Okay. Nothing as yet has happened and you are asking what to do. Good! Here it is. Do nothing. Stay out of her way. Make sure that you only see her with your wife.

Why?

If you start down the path of an affair, either emotional or both emotional and physical you are going to end up with NOTHING. 
You will lose your life as you know it.
You will lose your self respect.
You will almost certainly lose your wife. She will be devastated and I do not mean that lightly. 

People commit or seriously consider suicide over this stuff.

At the end..
You will live on your own. Your wife will not be able to see you without massive pain.
You will be broke.
You will have TWO broken hearts and you will have destroyed two families.

Does this make it easier? 
Apple Posted this too. 
http://media.affairrecovery.com.s3.a.../31reasons.pdf


----------



## 23yearmarriage (Sep 28, 2011)

I just went threw a similar scenerio. I think now they were swingers or some variation there of. If you ar not ready for that get out before it explodes. I wish I would have.

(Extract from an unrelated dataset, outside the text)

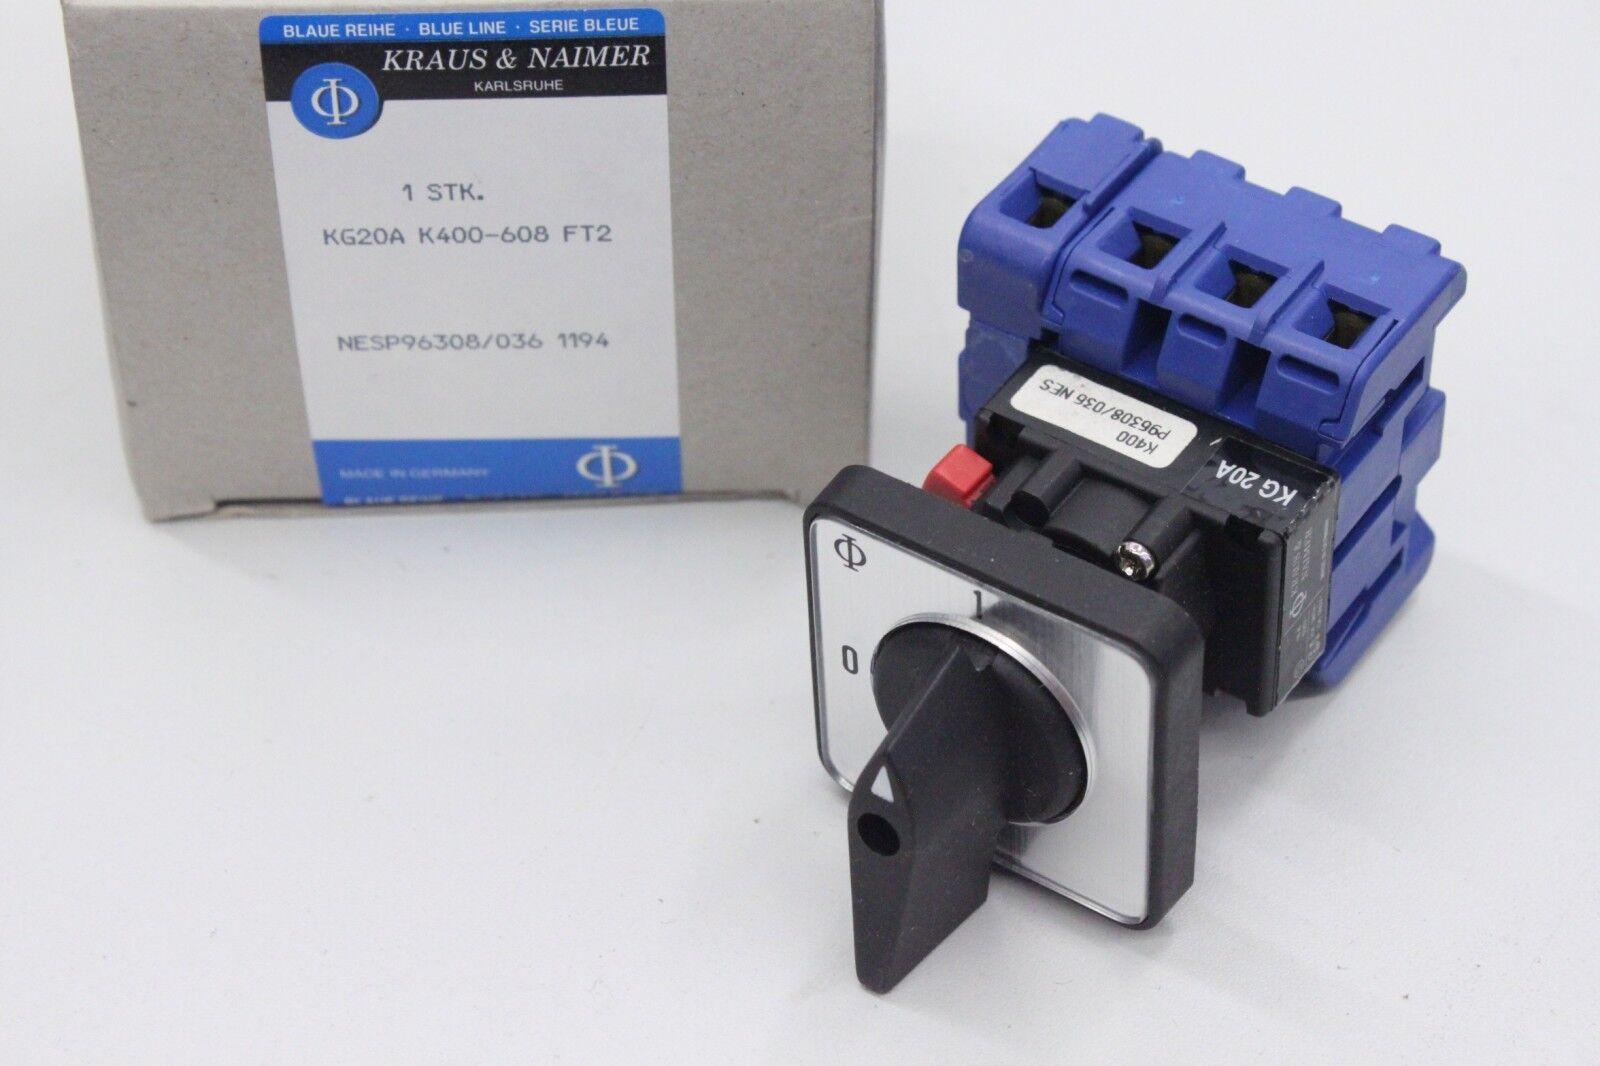 KRAUS/&NAIMER KG20A K400 608 FT2 Schalter Hauptschalter KG20AK400-608FT2 OVP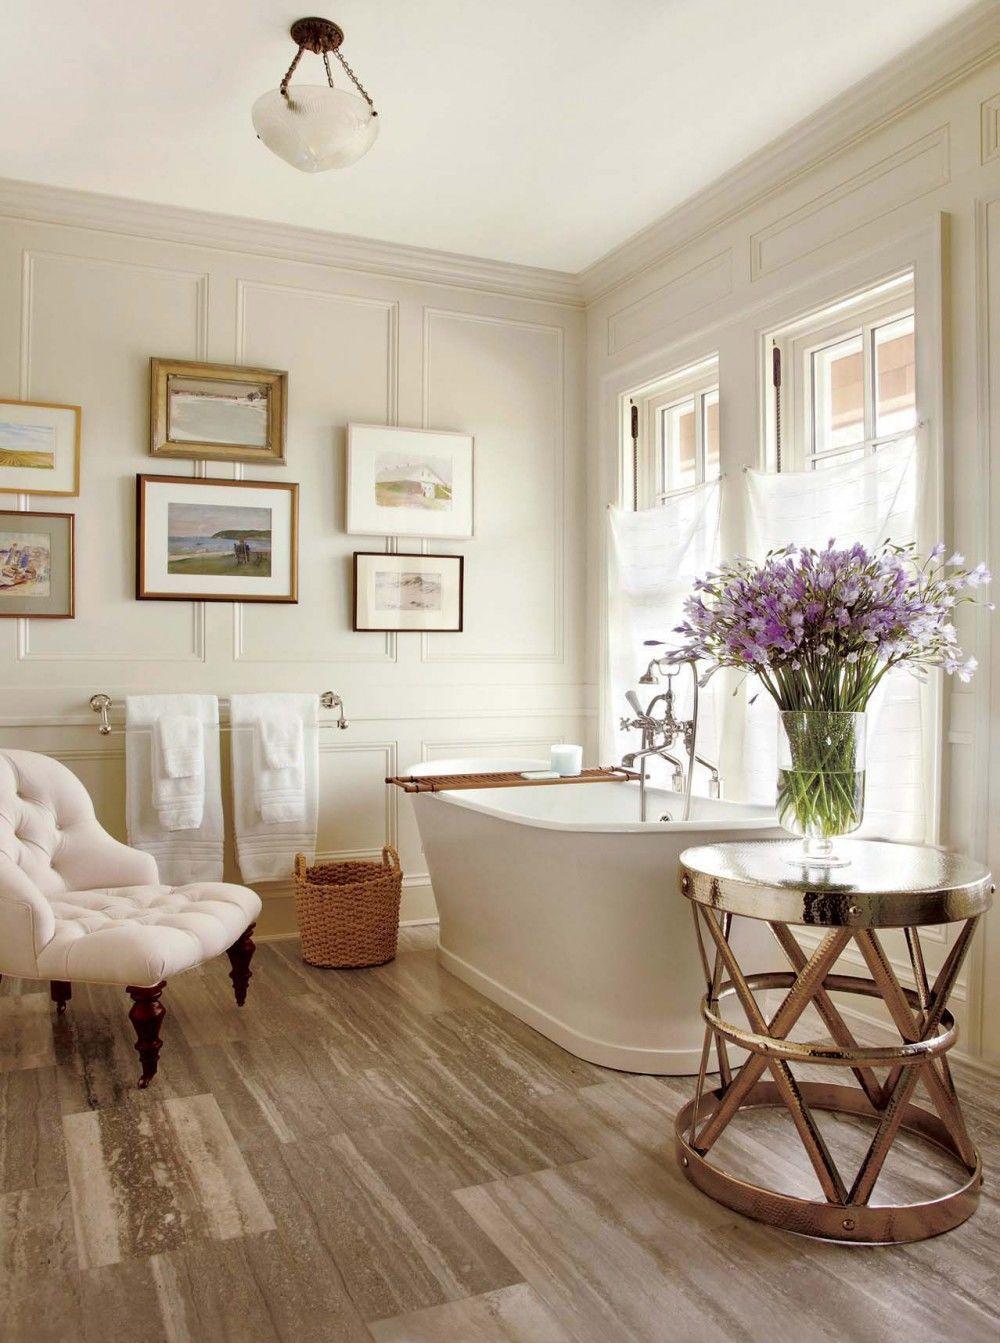 Traditional bathroom decor ideas | a master bath by Carrier and ...

Theboundaries between married and friend was blurred.


----------



## lht285 (Aug 25, 2011)

I would have an honest conversation about this with your wife. I would discuss the sexual tension. Ask her what she really wants in all this. Tell her your feelings of her pimping you out. Ask her what her feelings are about this couple. Be prepared to ask her some hard questions about her thoughts. Honesty and communication are your friends. 

What exactly are you looking for in this? Realize that once you proceed beyond just fantasizing that it can come back to bite you in the ass.


----------



## crossbar (Aug 25, 2011)

Funny thing is that once a fantasy stops being a fantasy and becomes reality, people usually end up getting hurt....

Best to leave fantasy a fantasy.....


----------



## Geoffrey Marsh (Aug 11, 2011)

morituri said:


> Buy Dr Shirley Glass PhD book titled 'Not Just Friends' and read it with your wife ASAP. You need to learn about the importance of establishing marital boundaries that will keep you and your wife from having an affair.
> 
> Giving into your lust would be one of the greatests regrets of your life. The devastation you would be unleashing upon the lives of everybody involved, including yourself, is something you have absolutely no concept of.



Once again I find myself following the great advice dispensed by Morituri and he is once again spot on.

There is no way to begin to describe the pain that you would unleash onto to people you love. Stop all contact with this women...get the book and talk with your wife.


----------



## Jellybeans (Mar 8, 2011)

You need to stop hanging out with that couple, plain and simple. Completely and forever.

You are playing with a molotov ****tail of fire.


----------



## PHTlump (Jun 2, 2010)

You tell your wife. Tell her the truth. You've got a crush on this woman. Tell her that, rationally, you understand that it's about dopamine and you would never choose to trade your wife for the OW. But admit that, if you were alone with the OW, given the sexual innuendo that permeates your nights out, you may lose control of the 16 year-old boy inside you and do something that you regret.

Your wife may dismiss this, in which case you need to impress upon her how serious you are. Your wife may give you the green light to go for broke with this woman. If you really want to do that, and I don't recommend it, you should absolutely inform her husband of your desires to get his OK. Or, your wife may freak out. If she freaks, offer marriage counseling, to stop seeing this couple, and whatever else she needs to be reassured of your commitment to her.

Crushes during marriage aren't that rare. You just have to recognize them and nip them in the bud. Athol Kay had a good article about how to fall out of lust with another person.
Married Man Sex Life: How To Purposely Fall Out Of Love As Quickly As Possible

If you can get your lustful feelings towards this woman behind you, then it may be possible to retain your relationship with the other couple. However, you should absolutely stop the flirting. You think it's funny because it's just impossible. I mean, you're all married. You're not going to cheat on your spouse. But this forum can tell you that it's no laughing matter. Cheating happens every day by people you could never imagine cheating. You realize that you are vulnerable to cheating on your wife. Your wife needs to realize that too.


----------